Meet the New 2020 Volkswagen Passat, Same as the Old One

Photo credit: Volkswagen
Photo credit: Volkswagen

From Car and Driver

We'll keep this brief, in keeping with the brevity of the list of changes Volkswagen has made to its mid-size Passat for 2020. As Volkswagen itself puts it, "While the 2020 Passat retains the underpinnings of the previous model, it has been completely restyled." Indeed, wrapped around the outgoing Passat's body structure, chassis, engine, and transmission is fresh sheetmetal. Peer through the windows, and you'll notice the interior is slightly newified, too.

Last year's Passat was a solid vehicle with a roomy interior and refined ride quality. Based on our brief drive in a prototype of the new Passat, those pluses remain. But then, they should-the car is basically the same as it was before.

Photo credit: Volkswagen
Photo credit: Volkswagen

Even though the new Passat shares only its roof with the old model and appears slightly more dapper, it remains instantly recognizable as a mainstream Volkswagen sedan. With its prominent body-side crease running from nose to tail and more three-dimensional front-end styling, the Passat closely resembles VW's compact Jetta. It is a staid look, particularly compared to the appearance of the current Honda Accord, Toyota Camry, and Mazda 6. Up close, some of the detailing is upscale, namely the elegant creases adorning the rear quarter-panels and trunklid; other flourishes fail to impress, such as the chrome front-fender garnish, which was crooked on the Passat we saw in person. Newly standard equipment for 2020 includes 17-inch aluminum wheels and full-LED exterior lighting.

The Passat's interior is similarly overhauled visually, in a style wholly reminiscent of the old Passat's cabin. A classy new full-width-appearing vent stretches from the center stack to the passenger door, although climate-controlled air only flows from its far right corner. We detected no great leap forward in the cabin materials, which as before skew toward the basic end of the spectrum, particularly around the lower half of the door panels, the bottom of the dashboard, and the center console.

Photo credit: Volkswagen
Photo credit: Volkswagen

Volkswagen's other notable upgrades to its mid-size sedan have to do with the equipment it offers. An 8.0-inch touchscreen with Apple CarPlay and Android Auto (along with SiriusXM satellite radio) is now standard. As before, VW includes safety gear on the base model such as forward-collision warning, automated emergency braking, blind-spot monitoring, and rear cross-traffic alert. Buyers can pay more for adaptive cruise control, lane-keeping assist, and niceties such as 18- or 19-inch wheels, a Fender audio system, keyless entry with push-button start, and nappa leather seating surfaces.

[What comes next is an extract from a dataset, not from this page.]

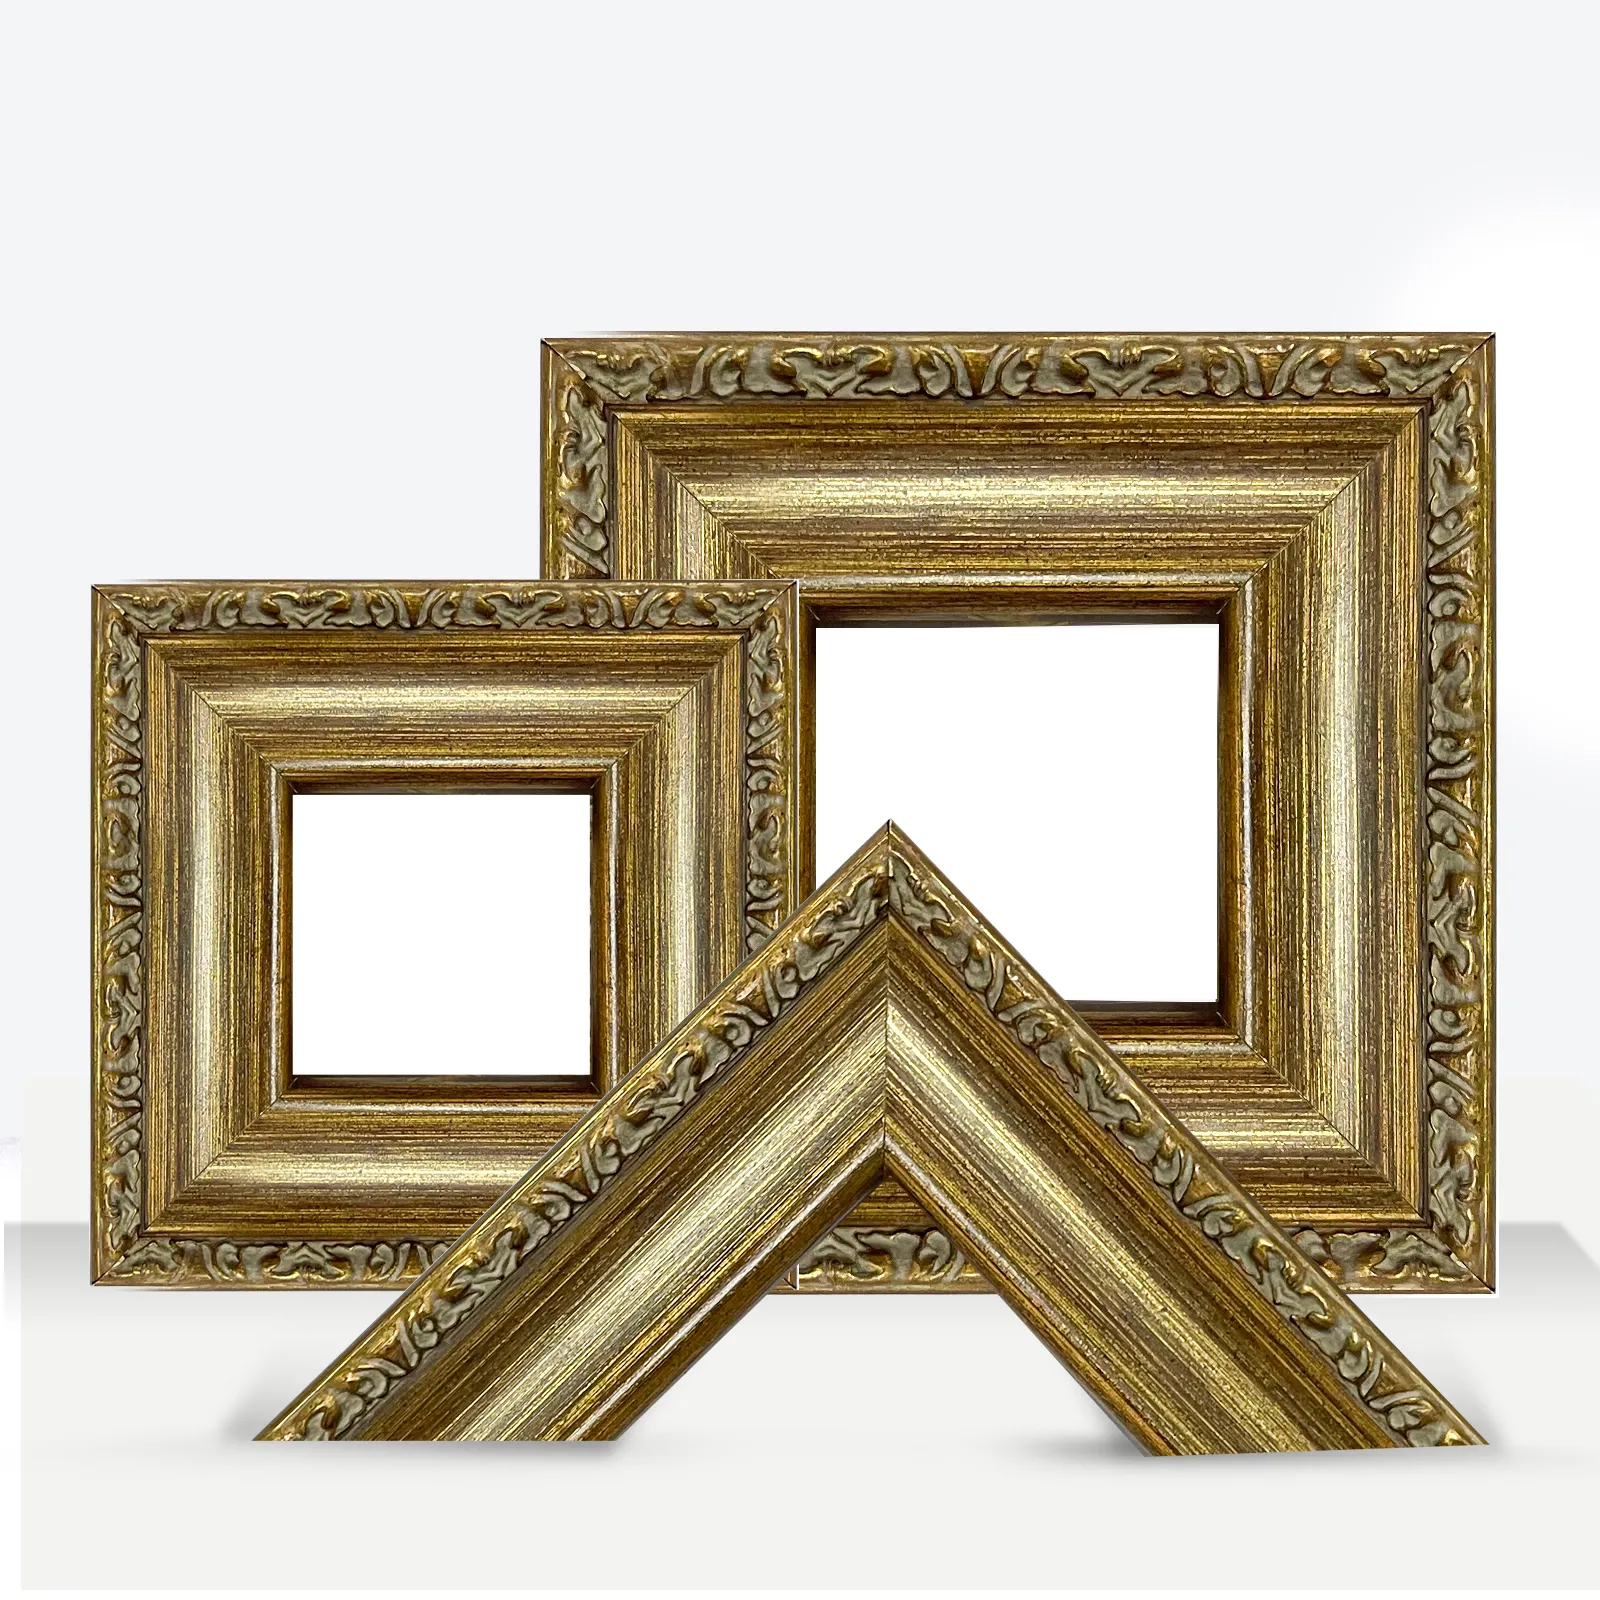 Factory Outlet Retro Advanced Gold Adornado Marcos de fotos de madera Tamaño personalizado Art Picture Frame Molding para TV Mirror Home Decor

Unchanged aspects of the Passat include its suspension, the turbocharged 2.0-liter four-cylinder engine that was new to the Passat for 2017, and the six-speed automatic transmission. Volkswagen performed some tweaks to the engine to increase its torque production to 207 lb-ft, up 23 lb-ft; it again makes 174 horsepower. The base engines in numerous competitors have more horsepower, including the naturally aspirated four-cylinders in the Mazda 6 and the Kia Optima.

Photo credit: Volkswagen
Photo credit: Volkswagen

Few consumers will realize or care that Volkswagen carried over the old Passat's New Mid-Size architecture, rather than shift the Passat to its newer MQB platform. Every other U.S.-market Volkswagen uses MQB except the Beetle and the value-oriented Tiguan Classic, the old Tiguan that VW sells alongside the new model at a discount. By not using the newer components, the Passat is boxed out of the fresher infotainment screens and digital gauge clusters available in other VWs.

The evolutionary Passat takes no risks, and its intelligently allocated updates (maximum surface change where customers will notice; little deeper down, where they won't) likely were far more affordable to Volkswagen than a full redesign. It's a logical strategy given the rate at which consumers are abandoning mid-size sedans, once the industry's biggest-selling non-trucks, for crossovers and SUVs. Too bad the sedan segment is shifting to an emotional sell for customers. Competitors are putting on a braver face and lobbing ever more stylish, better-turned-out four-doors at shoppers to try to convince them to pass on a crossover or a truck. The not quite new, not quite stylish Volkswagen, on the other hand, is playing the unexciting role of a traditional mid-size sedan-the very format its fiercer competitors and customers are fleeing for flashier duds. Luckily for Volkswagen, it has the drop-dead gorgeous, more upscale Arteon sedan on its way to our shores.